WAS THE RECORDER RIGHT?

40.

It follows from my findings above that I am satisfied that the Learned Recorder applied the right test when exercising his jurisdiction to award costs against Select.

41.

Select, however, go on to complain that the Recorder should have taken into account the fact that the terms of the agreement with Miss Mee were in a form commonly found in credit hire agreements and that direct communications between credit hirer and insurers are standard practice under the ABI general terms of agreement between subscribing insurers and credit hire organisations. However, even if these terms and this practice are to be taken as standard in the industry, this does not provide Select, or for that matter any other credit hire company, immunity from a non-party costs order. To find otherwise would be to re-introduce the concept of the narrow requirement for exceptional circumstances which was firmly rejected by Lord Brown who observed in Dymocks at paragraph 25:

“Although costs orders against non-parties are to be regarded as "exceptional", exceptional in this context means no more than outside the ordinary run of cases where parties pursue or defend claims for their own benefit and at their own expense.
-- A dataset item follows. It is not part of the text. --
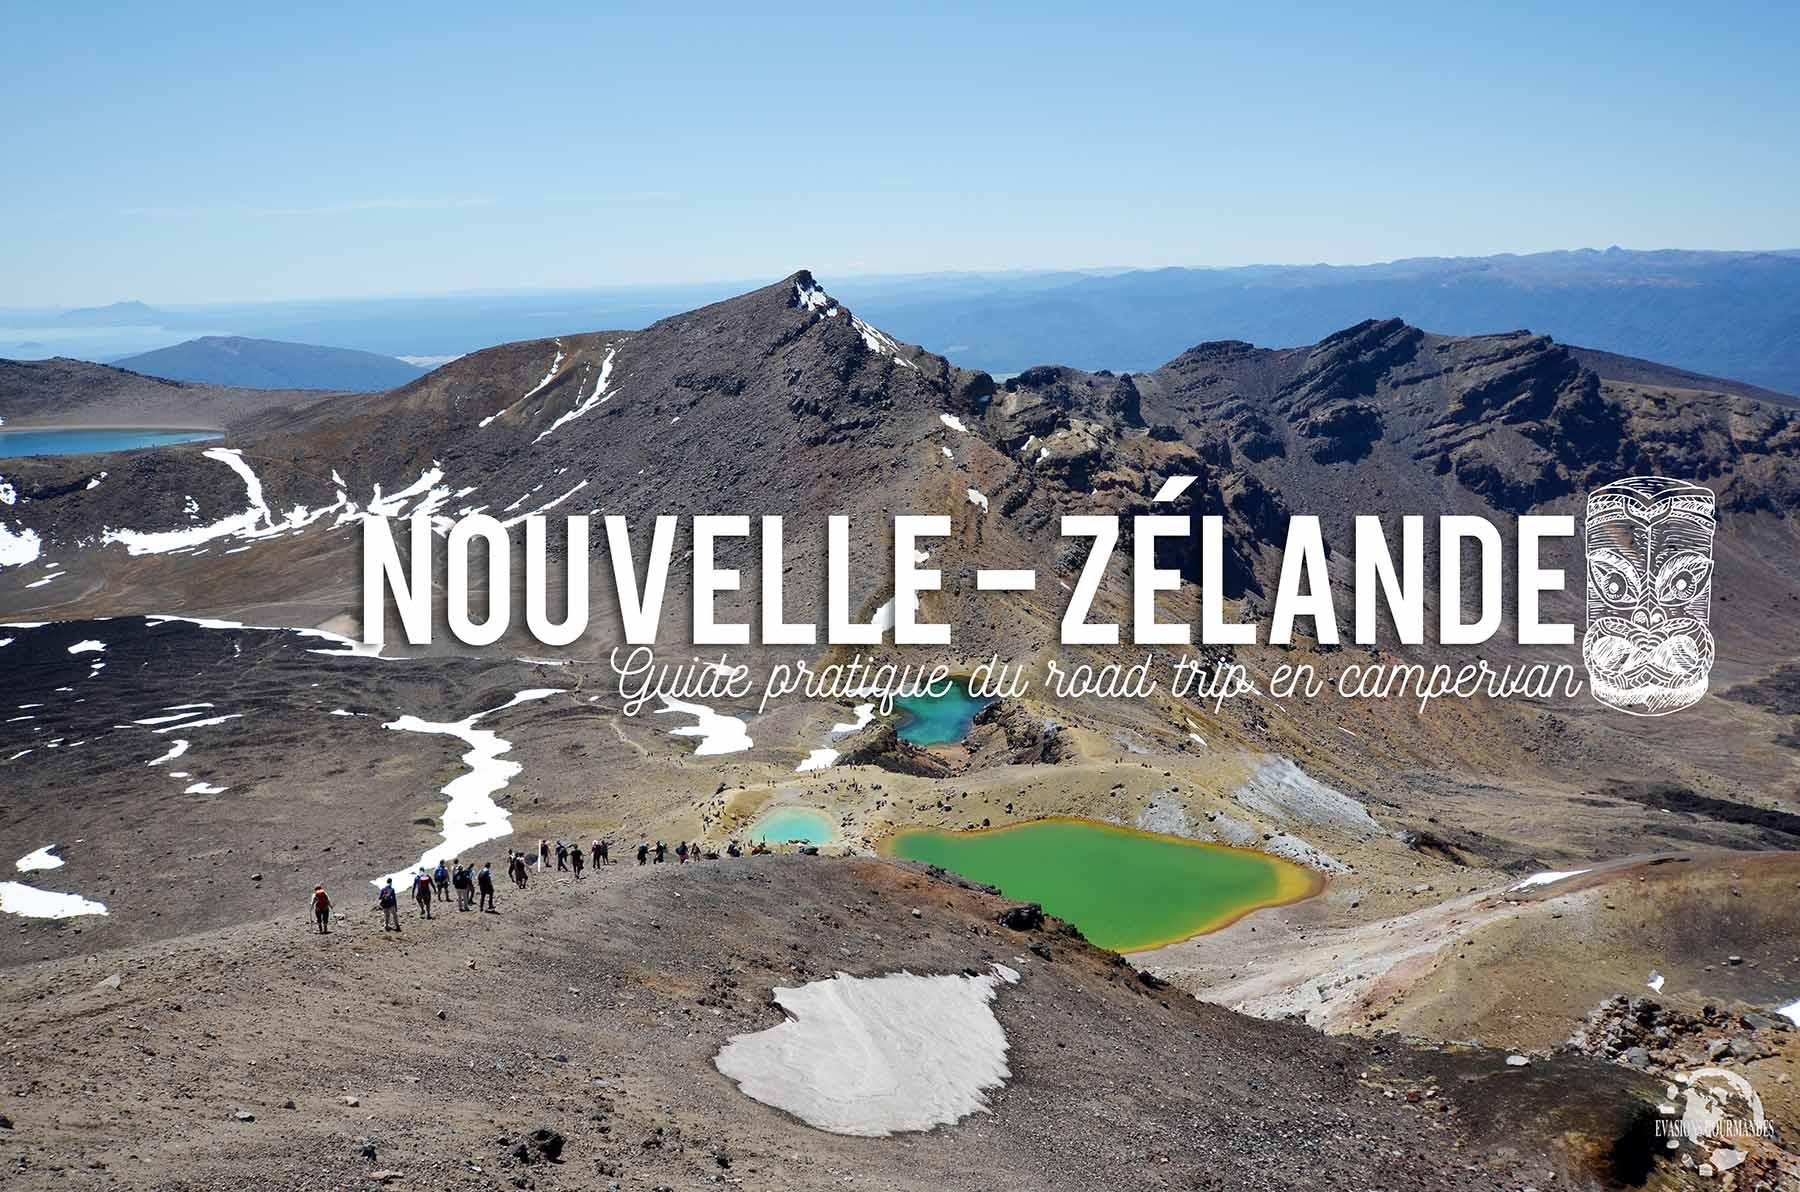 Road trip en van en Nouvelle-Zélande

The ultimate question in any such "exceptional" case is whether in all the circumstances it is just to make the order. It must be recognised that this is inevitably to some extent a fact-specific jurisdiction and that there will often be a number of different considerations in play, some militating in favour of an order, some against.”

42.

Select go on to contend that there is no evidence that the contractual rights which they enjoyed under the agreement were actually exercised in practice and that the fact that Select approached Esure rather than the claimant’s own solicitors to enquire about the progress of the case would end to suggest they were no exercising control over the litigation.

43.

In my view, these objections lack sufficient force to undermine the Learned Recorder’s conclusions. What modest weight they may have is decisively counterbalanced by the other features in the case. He performed a careful balancing exercise and, in my view, reached a result which not only fell within the broad bounds of his discretion but one which I would probably have reached myself if, hypothetically, I had found some flaw in his approach which would have required me to exercise it afresh.

CONCLUSIONS

44.

In summary, I find as follows:

i)

CPR Part 44.16 does not introduce a bespoke and distinct type of discretion to be exercised in cases falling within the QOCS regime as it applies to non-parties.

ii)

The wording of CPR Part 44.16 is entirely consistent with the way in which the proper approach to the discretion to order costs against a non-party has developed in recent case law.

iii)

PD para 12.2 in so far as it provides that claims for credit hire are made for the financial benefit of a person other than the claimant is uncontroversial and requires no artificial interpretation to save it from the fate of being found to be ultra vires.

iv)

The fact that any given credit hire organisation’s connection with a claim is no greater than is commonly the case does not, without more, provide it with an automatic immunity from a non-party costs order. There is no room for the argument that it is a prerequisite to the making of such an order that such involvement be exceptional.

45.

It follows that this appeal is dismissed.